Yeah, I definitely should have been more clear. My intention is just to run both without tampering with either until I can simply unplug the Tetra and store it. I'm going to give it a month and hope I don't have any sort of cycling--which I shouldn't as I also have many plants and a sponge filter. It would be nice if I were using a custom media that I could just transfer over but unfortunately the black bio sponges that come with the large Tetra filters are tall and narrow and just don't lend themselves easily to being stuffed into the Aqua Clear.


----------



## wendyjo (Feb 20, 2009)

Can you cut up the old sponge and put peices of it in the new when it's time for the final transition?


----------



## goodbytes (Aug 18, 2014)

So I just ended up using safety pins to bend one of the bio sponge in half and jammed it in among the layers of Aqua Clear filter elements. Hopefully that'll speed things along.


----------



## Diana (Jan 14, 2010)

It will. 

Just have to think of it this way:

No matter how many tanks you have, how many gallons, how many filters... it does not matter. 

If you have F many fish, then you have F x 1,000,000 bacteria. 
It does not matter how much bio media you have, or where it is located. If the water from the fish flows through the media, the bacteria will grow there. But only enough to match the waste load of the fish and other organisms in that tank. 

But if you had M amount of media, now you have M x 2 media, then each bit of media will only have half as much bacteria, as long as you keep the same number of fish. You are not GAINING any bacteria, just spreading it around. 

When you remove the extra media to another tank, you are shorting the established tank of that population of bacteria. 

This may not be so important in a thriving planted tank, the plants do a lot of the work. But I would still watch out for ammonia and nitrite spikes when you remove the second filter media. 

Better: 
Just run the 2nd media long enough to get a little bacteria growing, then put it on the new tank and complete the fishless cycle. 
Or, take up to 25% of the established media (any- sponge, floss, bio, even month old carbon) from the existing tank, and share that with the new tank to jump start the bacteria growth.
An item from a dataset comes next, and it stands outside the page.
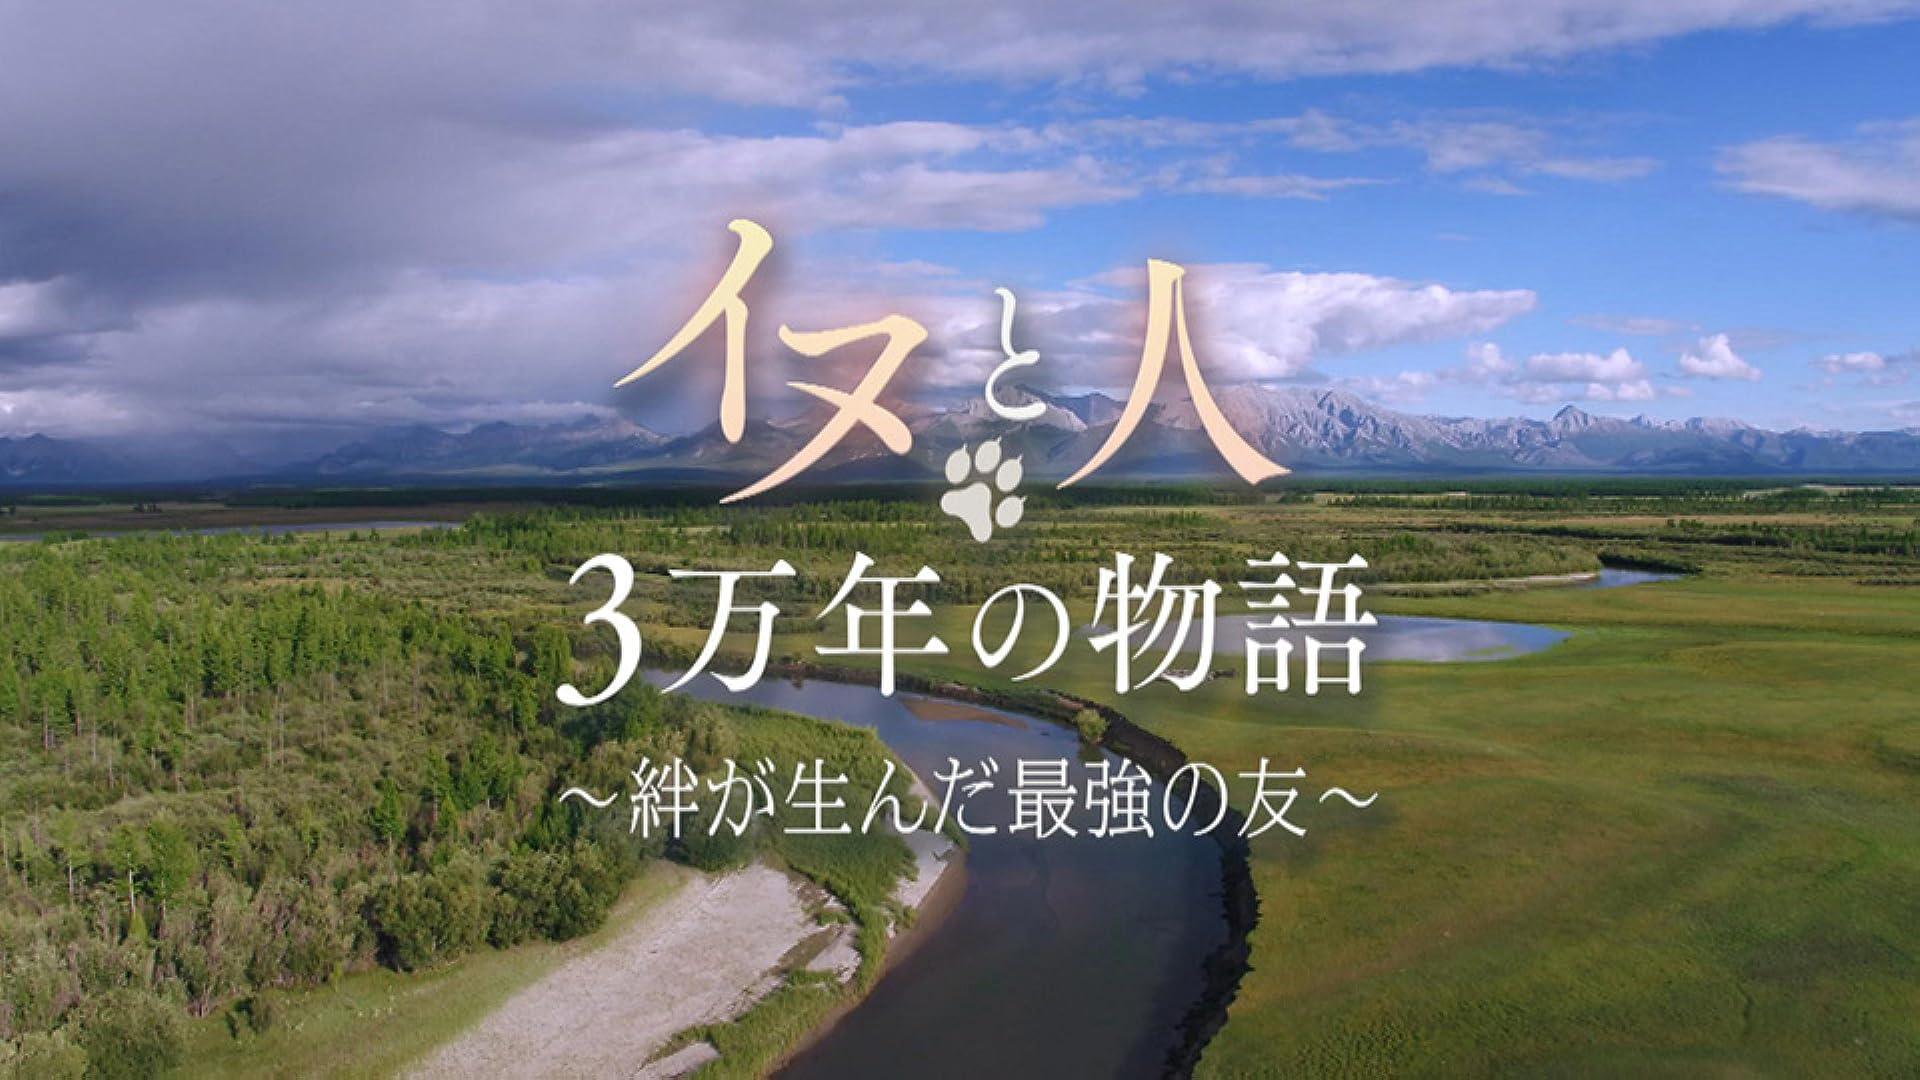 イヌと人の奇跡の物語(NHKオンデマンド)
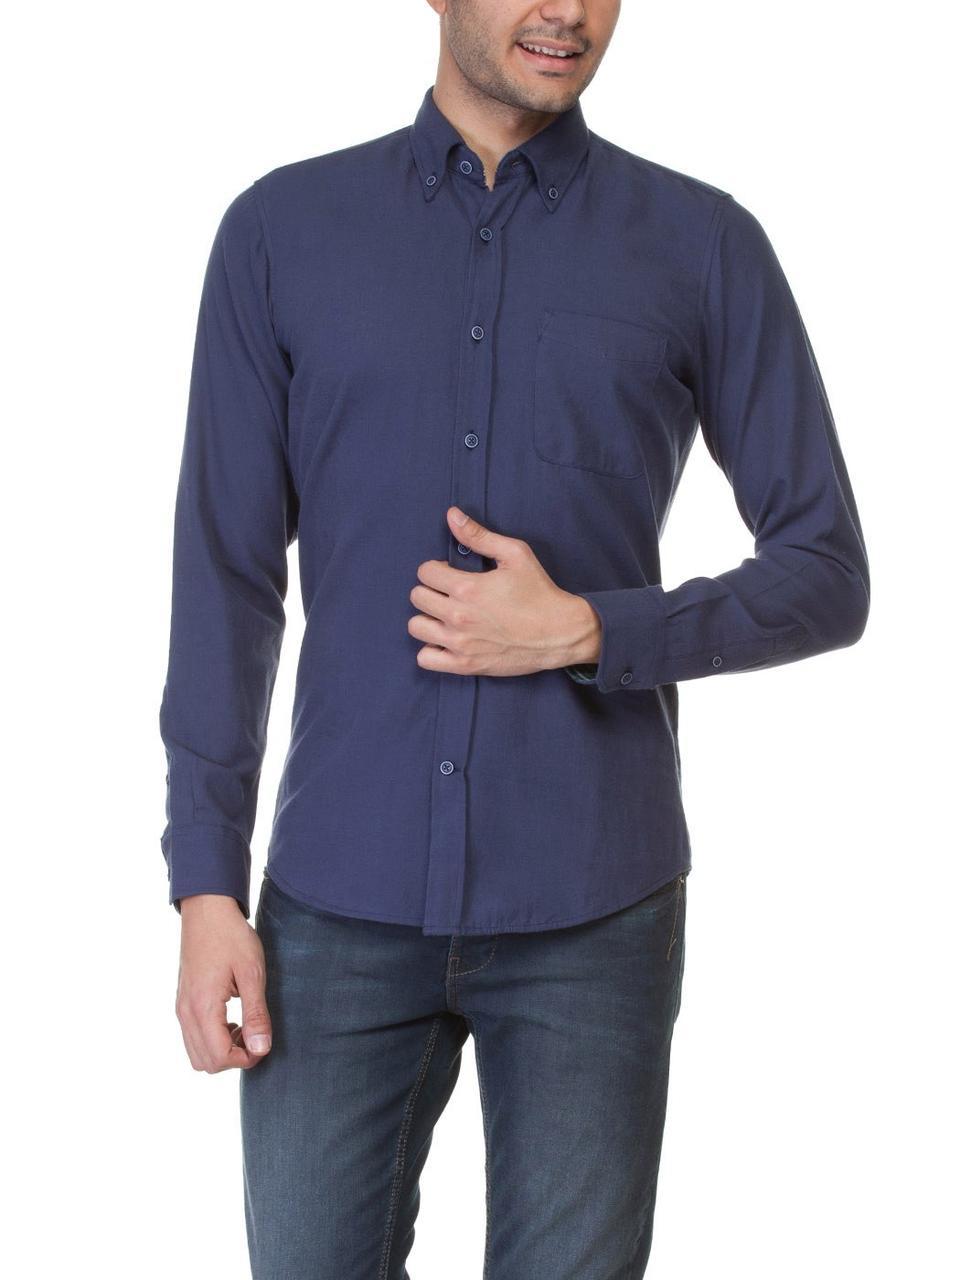 Синя чоловіча сорочка LC Waikiki / ЛЗ Вайкікі з синіми гудзиками

I have shared a max of 25% of the established media, even from tanks with no plants, and the donor tanks were fine. 
Remember that 25% of the media in the filter does not mean I was taking 25% of the bacteria. There is a lot more bacteria on all the surfaces of the tank- the substrate especially. When I took a bit of the sponge, floss or bio media, I may have been taking 1/8 or less of all the bacteria in the tank. 
But that was plenty to jump start the next tank. 

I would take that much from several tanks, so the new tank was starting with perhaps 1/4 of a load of bacteria, then I would build up the fish population slowly. (This was before I had heard of the fishless cycle). 
I am still doing that concept today. Except that I am adding in the fishless cycle for uninhabited tanks. Gets them ready pretty fast. 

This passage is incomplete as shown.